■ Directions for this task ■
The material below includes pictures; leave them out and return only the lines between the line containing "AB-D42474 Grafton Round" and the line containing "Barry.wang Grey Silk", inclusive, word for word.

■ Dataset entries ■
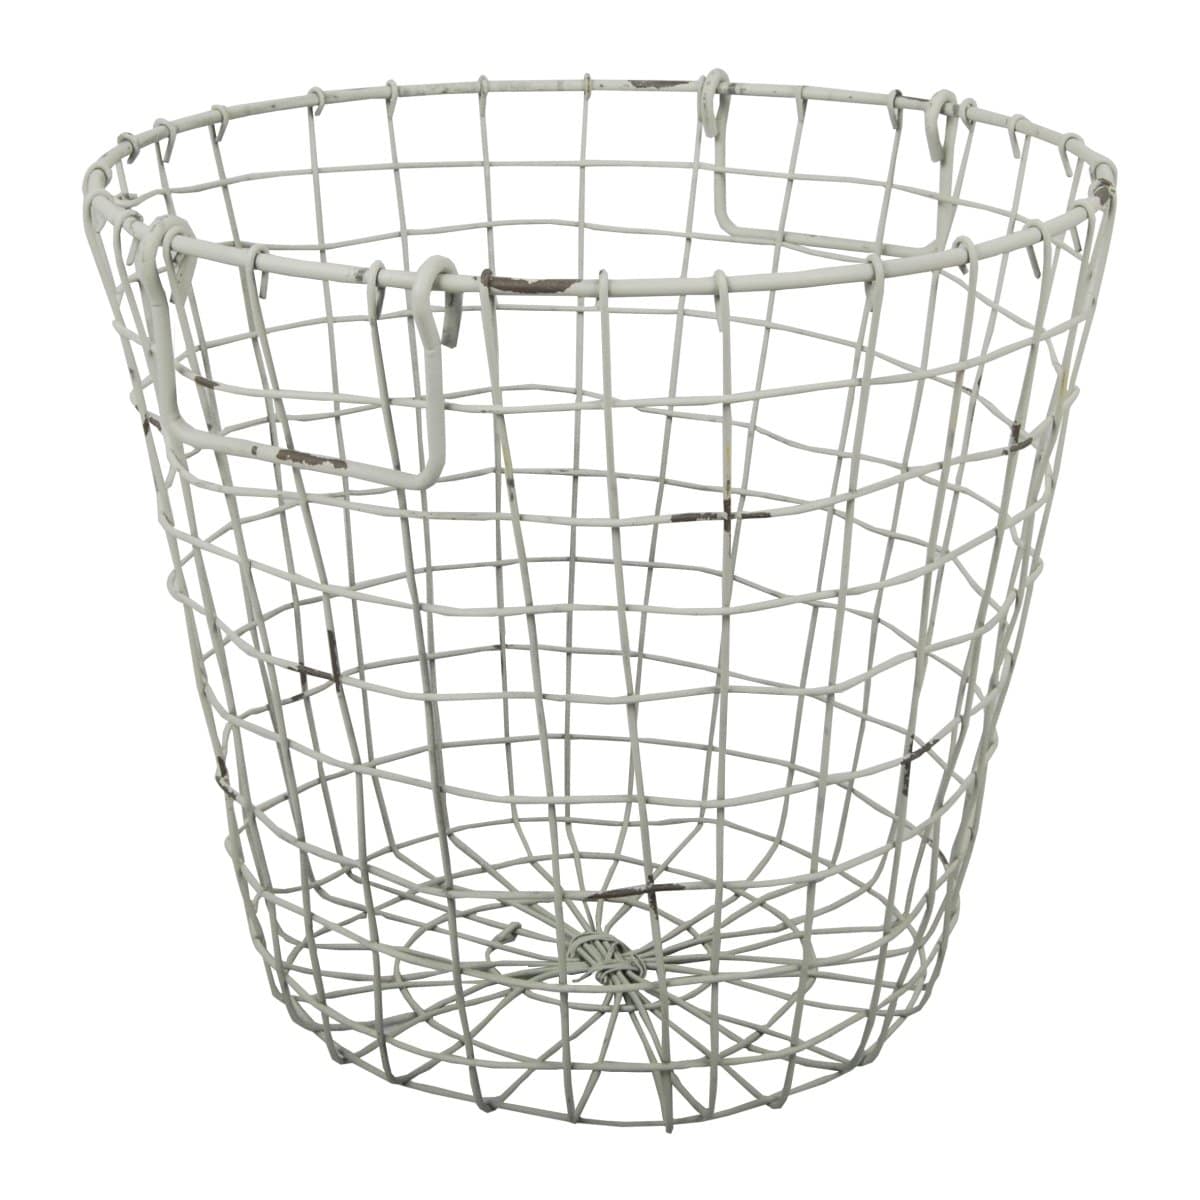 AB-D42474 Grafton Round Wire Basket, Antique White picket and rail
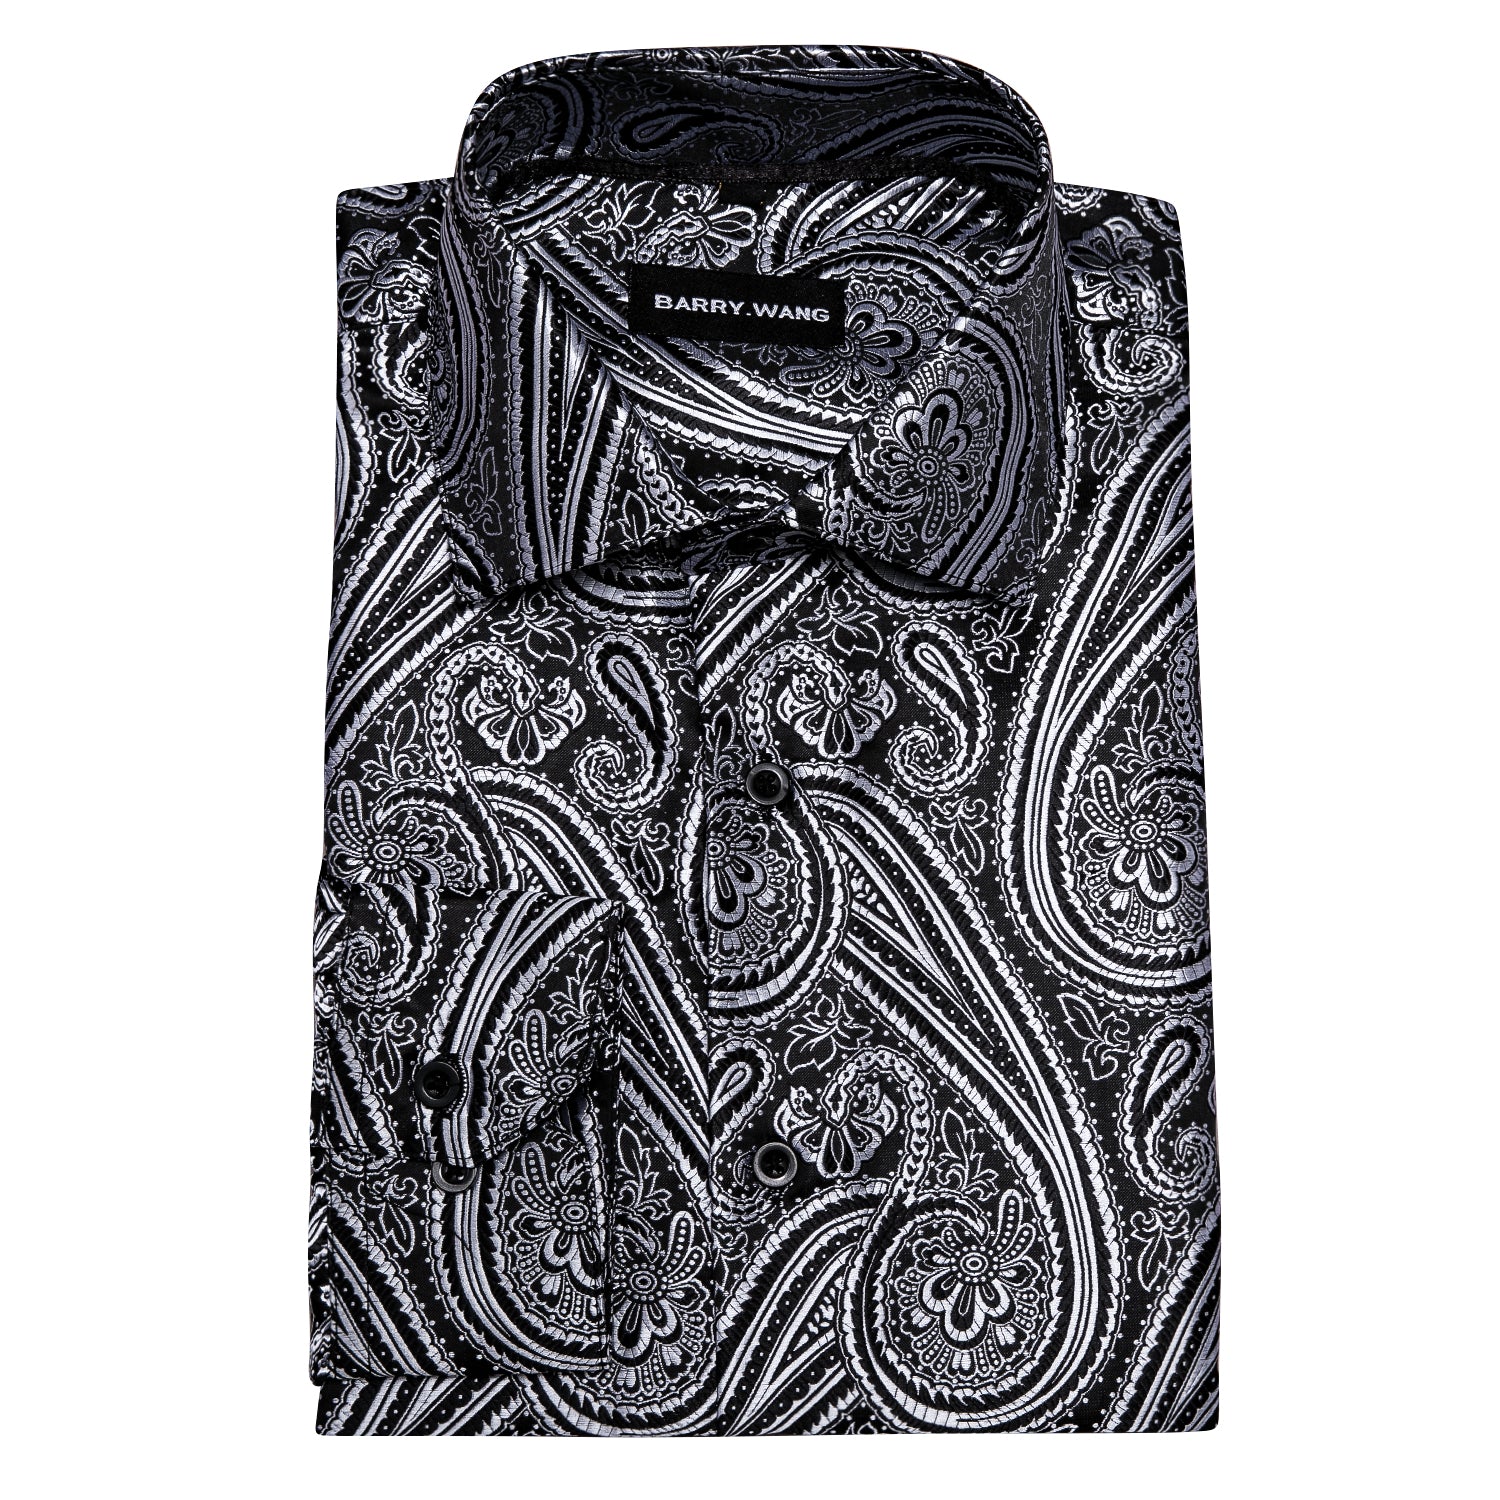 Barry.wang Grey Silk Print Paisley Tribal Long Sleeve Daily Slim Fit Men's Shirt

...

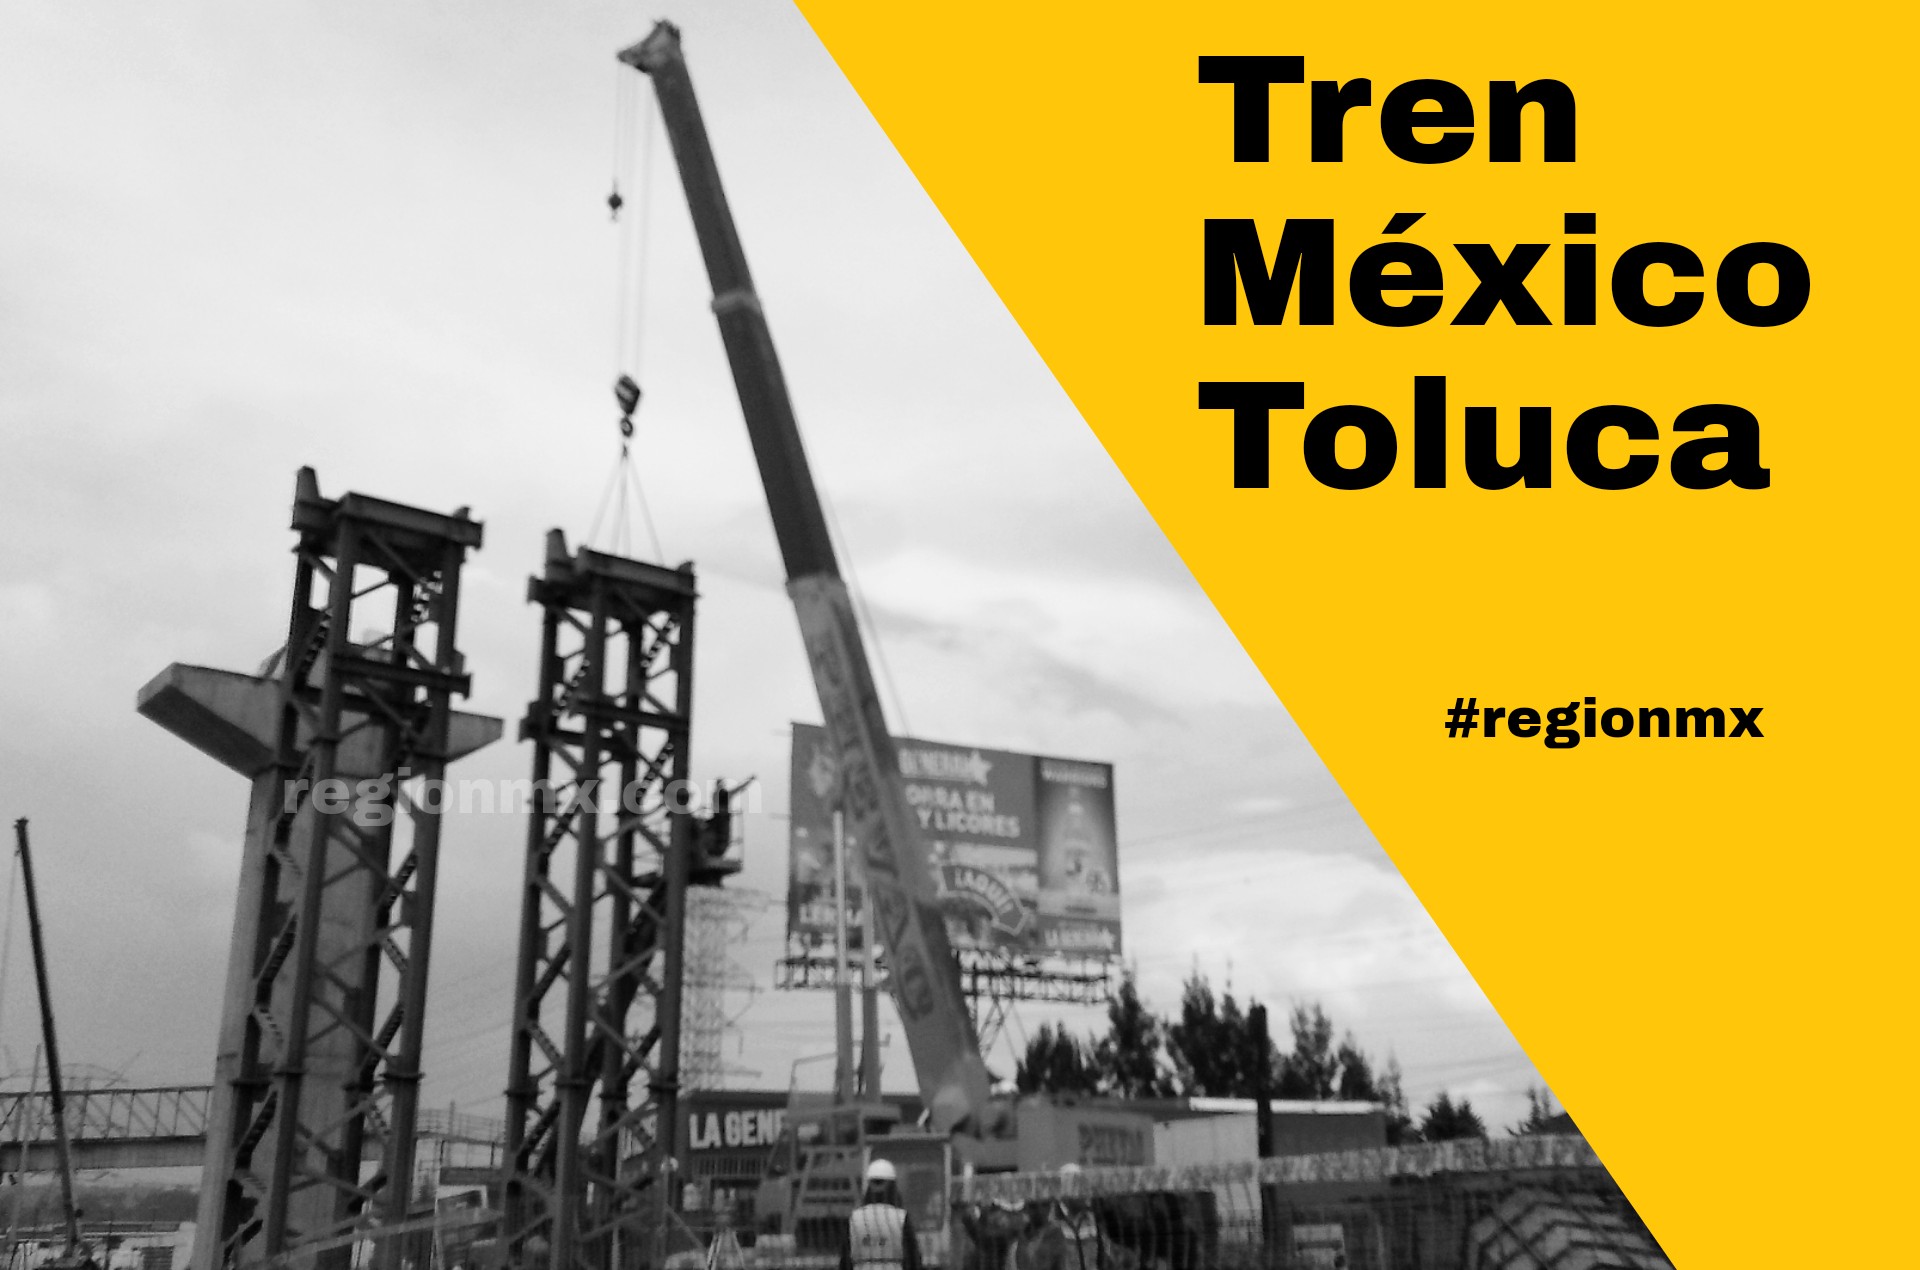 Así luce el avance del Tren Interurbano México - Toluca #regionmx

==

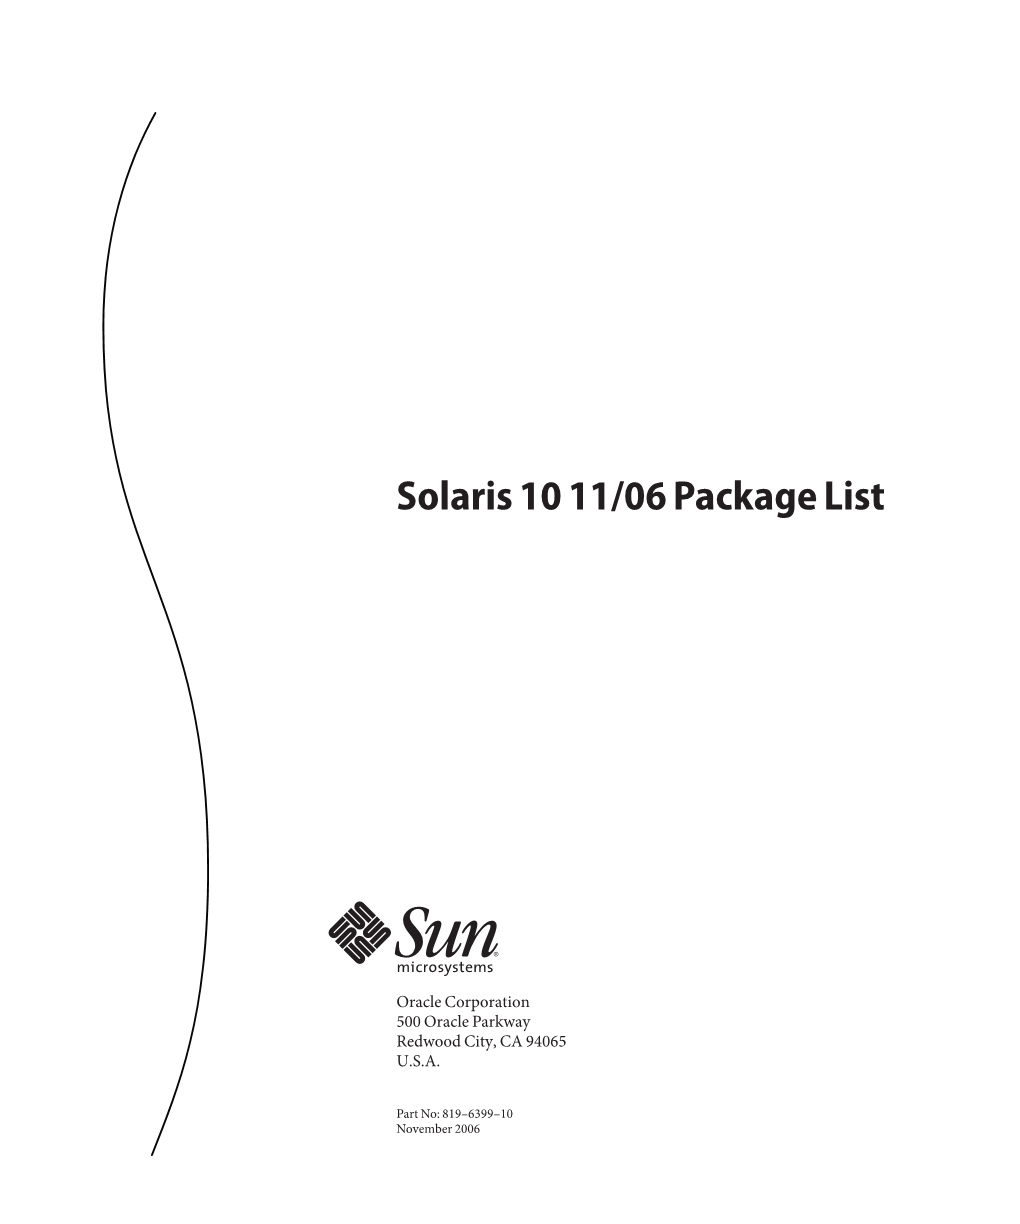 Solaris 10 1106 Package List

■ Response area ■
 AB-D42474 Grafton Round Wire Basket, Antique White picket and rail
 Barry.wang Grey Silk Print Paisley Tribal Long Sleeve Daily Slim Fit Men's Shirt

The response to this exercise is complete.